Do pattern day trading restrictions apply in the emini sp500 futures market or does it apply only to stocks?
I've never heard of "pattern day trading restrictions" and so I guess that they do not apply to the E-mini S&P500 future.

I am of the opinion that there are very few (or no) restrictions in the E-mini futures except for the obvious illegal ones and there is a size limit which 99.9% of traders are unaffected by. The size limit was 1,500 contracts at one point but I think that may have been lifted.

How do "pattern day trading restrictions" apply to stocks?
After a little further investigation I have discovered the following (which I previously did not know because I don't trade stocks):


Pattern Day Traders Criteria and Restrictions

The NASD and NYSE, as part of a small investor protection agenda, instituted regulations intended to limit the amount of trading that can be done in accounts with small amounts of capital, specifically accounts with less than $25,000 equity.
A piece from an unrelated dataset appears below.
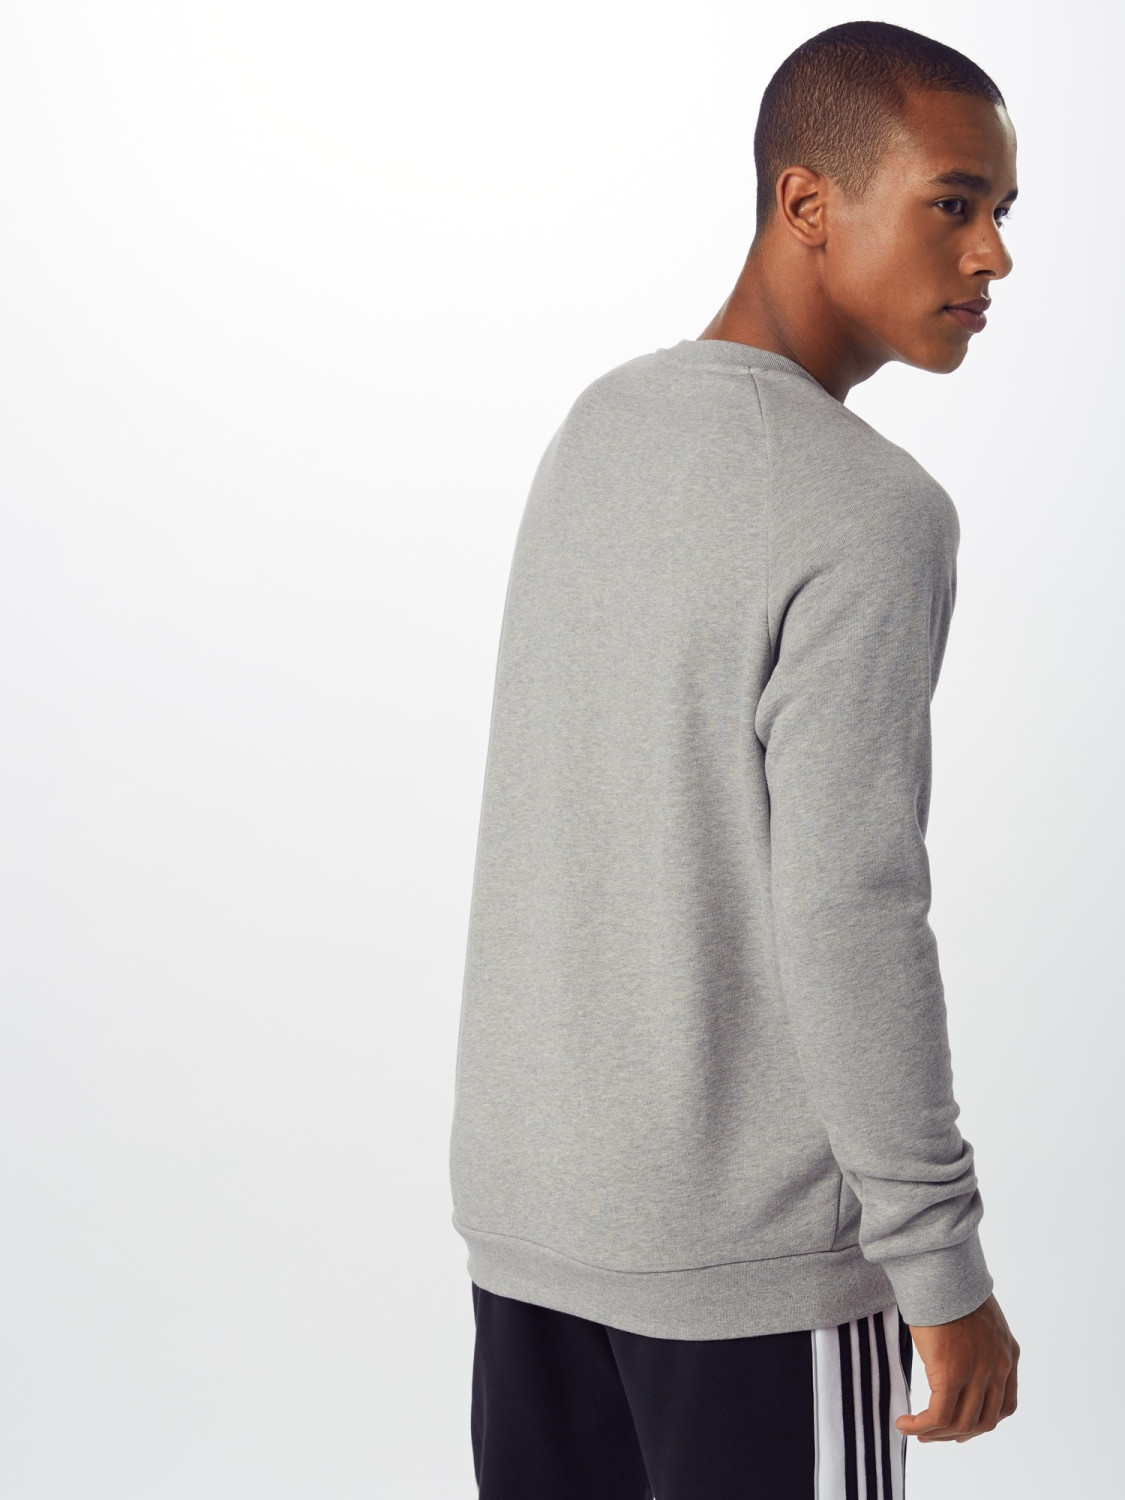 ab bei Preisvergleich Trefoil grey | 49,99 Sweatshirt medium heather Essentials LOUNGEWEAR € Adidas

Overview of Pattern Day Trading ("PDT"):

Day Trade: any trade pair where a position in a security (stock, bond or stock option) is increased ("opened") and decreased ("closed") within the same trading session.
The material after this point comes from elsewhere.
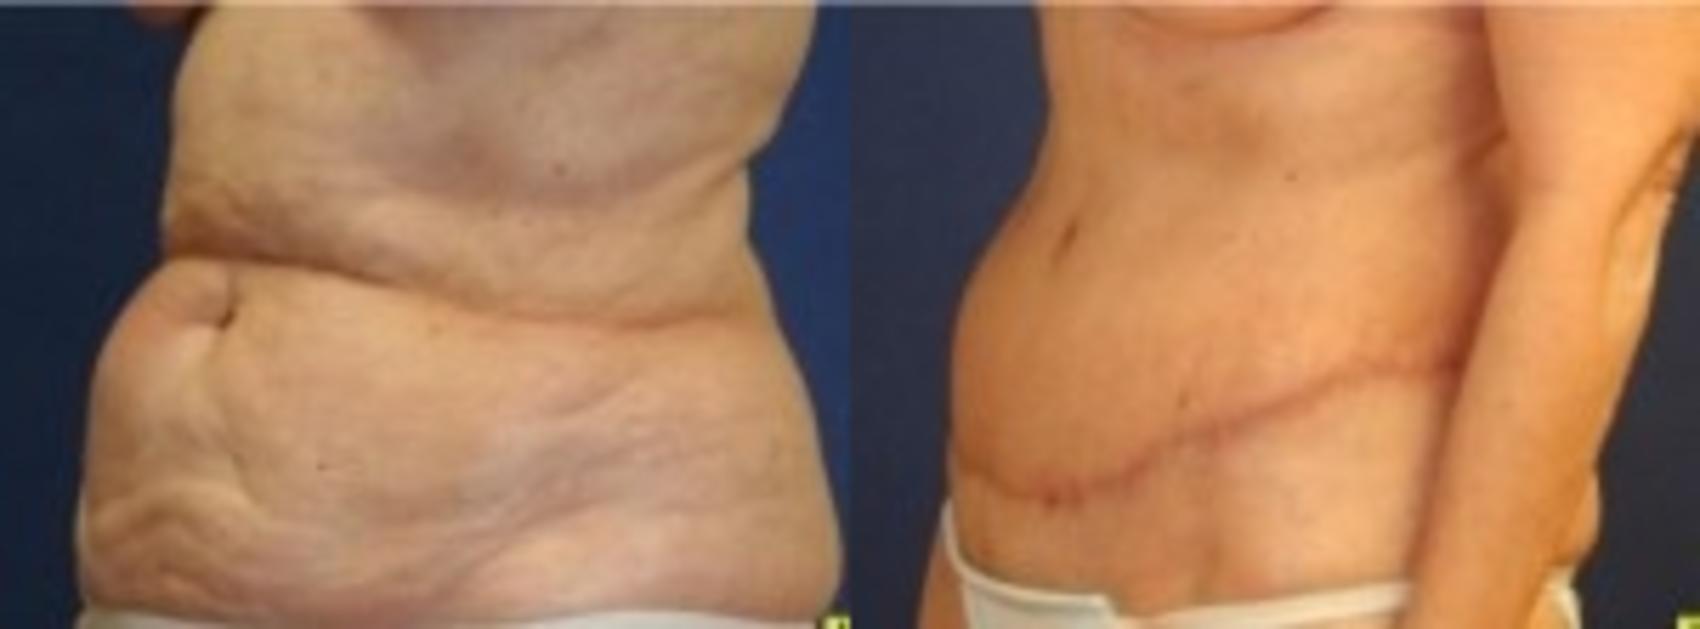 Before & After Liposuction Case 236 Left Oblique View in Ann Arbor, MI

Pattern Day Trader: someone who executes 4 or more Day Trades within a 5 business day period. A trader who executes more than 4 day trades in this time is deemed to be exhibiting a 'pattern' of day trading and is subject to the PDT restrictions.

In order to day trade, the account must have at least $25,000 in equity, where equity includes cash and stock, but does not include option or warrant value.

The NYSE regulations state that if an account with less than $25,000 is flagged as a day trading account, the account must be frozen to prevent additional trades for a period of 90 days.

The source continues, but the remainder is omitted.